Closed (fixed)
Project:
Taxonomy import/export via XML
Version:
6.x-1.x-dev
Component:
Code
Priority:
Normal
Category:
Bug report
Assigned:
Unassigned
Reporter:
Created:
22 Feb 2009 at 21:44 UTC
Updated:
12 May 2009 at 23:50 UTC
I am trying to import the MeSH (Medical Subject Headings - http://www.nlm.nih.gov/mesh/) structure using this and so far not much luck. The d/l-ed file is 270M and i have php.ini mem limit set to 600M (not too realistic for some people; but no problem on local devel box) and still i am hitting memory error.
Is there not a way to read and create without loading entire file - although i suspect worse than even that being done here since i have enough mem for entire file and still failing.
Fatal error: Allowed memory size of 629145600 bytes exhausted (tried to allocate 283341231 bytes) in C:\Inetpub\websites\chec\includes\unicode.inc on line 132
Comments
Comment #1
dman commentedThat file size is utterly huge.
It's not just a matter of having enough PHP memory to look at the file - you are asking it to analyze the whole thing - build and links data structures representing each line in the file, and that is sure to take several times the 'memory' as the input file size.

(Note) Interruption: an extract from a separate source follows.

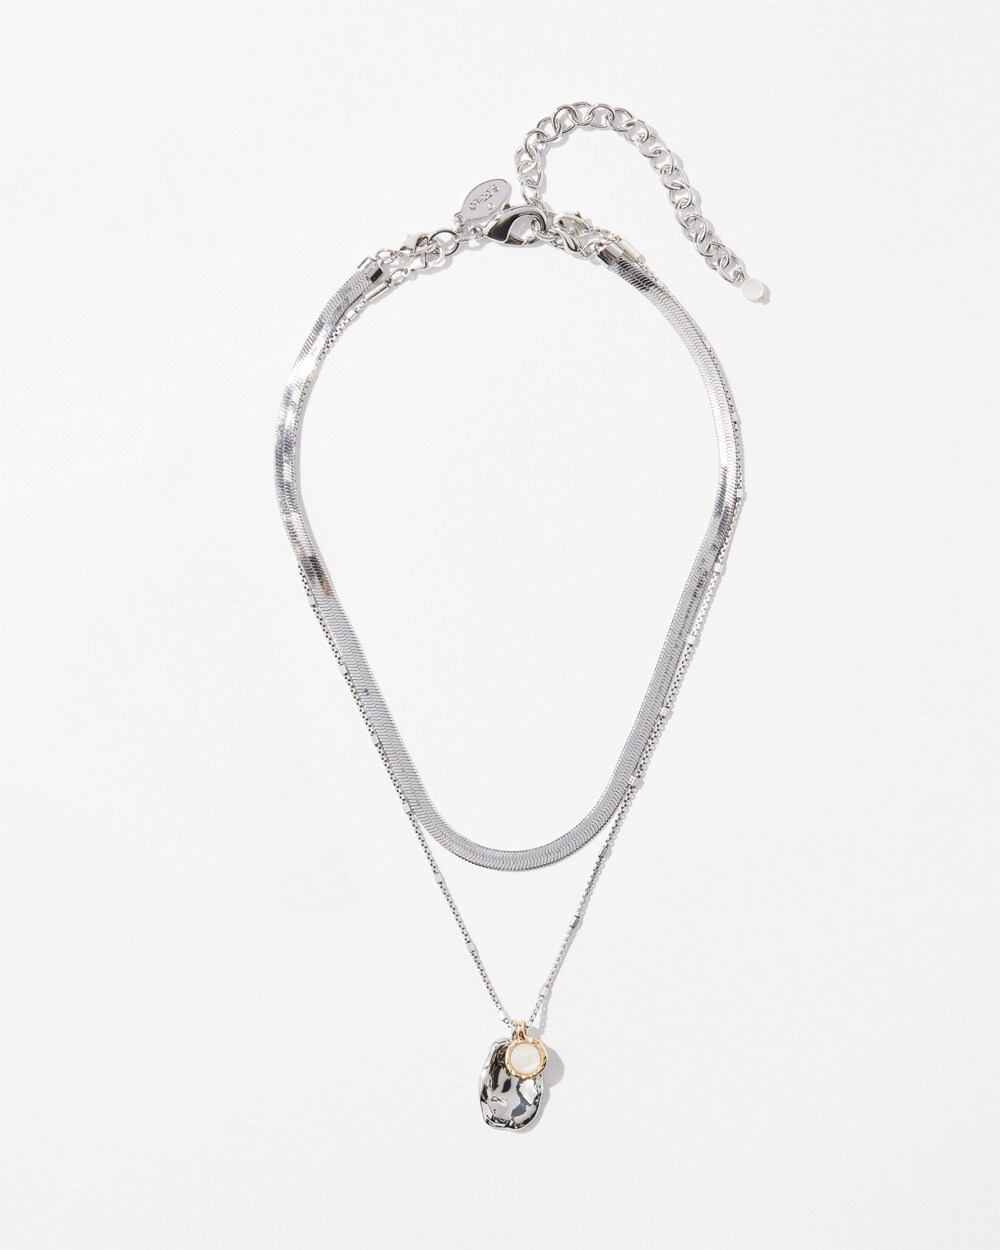 Silver Tone Convertible Necklace

However - there are solutions.
Clearly, we need to divide the input up into reasonable chunks. Depending on your source data, it should be possible to edit it into discrete units, (say 100 terms) and import them individually. Even cross-referenced terms should be able to be remapped across imports - if the string labels are unique.
You need to try that.
For really large vocabs (this was built for size - several million organisms) there is also the ability to recursively crawl a taxonomy server/service and request term definitions by URL. This in turn will re-queue later terms. This may be more useful for a deep vocab rather than a wide one such as MESH.
Comment #2
liquidcms commentednot sure how the url call would works in your code; but i might look at it.
i tried it but it fails to get anything - i suspect since you need to provide your user details to get to the page (not an actual login so no cookie; just fill in a form then you get to d/l page that has link to xml page)
of course, i have file locally now so could easily add it on a local site and call that.. hmm.. although my guess is you simply do same think as if its a file.. which is read/process entire thing at once??
Comment #3
liquidcms commentedperhaps to support "crawling", the url needs to be a url to a top level xml file which in turn has nodes that link to other xml pages?? as opposed to just one large xml page?
Comment #4
dman commentedYes, there's no advantage to crawling if the result is just a huge blob!
What I've done before was indeed read one file that then referenced others (eg narrowerTerm) by way of either URL (RDF) or Unique ID (which was translated into a further URL request using a service-specific pattern)
This worked well for animal taxons, but didn't have or use a big global list at the top - like I think you are looking at.
Either way, it depends on a service that we can consume. without that this can't help much.
You should be able to test the TCS remote service using the dev version, I think I left some preset values in there.
Comment #5
dman commentedHuge datasets can be handled if the terms are passed back in chunks (or one by one) from a service that interfaces with the huge source.
We were able to import the 60,000 terms from MeSH like that. Although it did take a while...
Comment #7
dman commented#460920: HOWTO: Import the MeSH taxonomy database. Or a subset.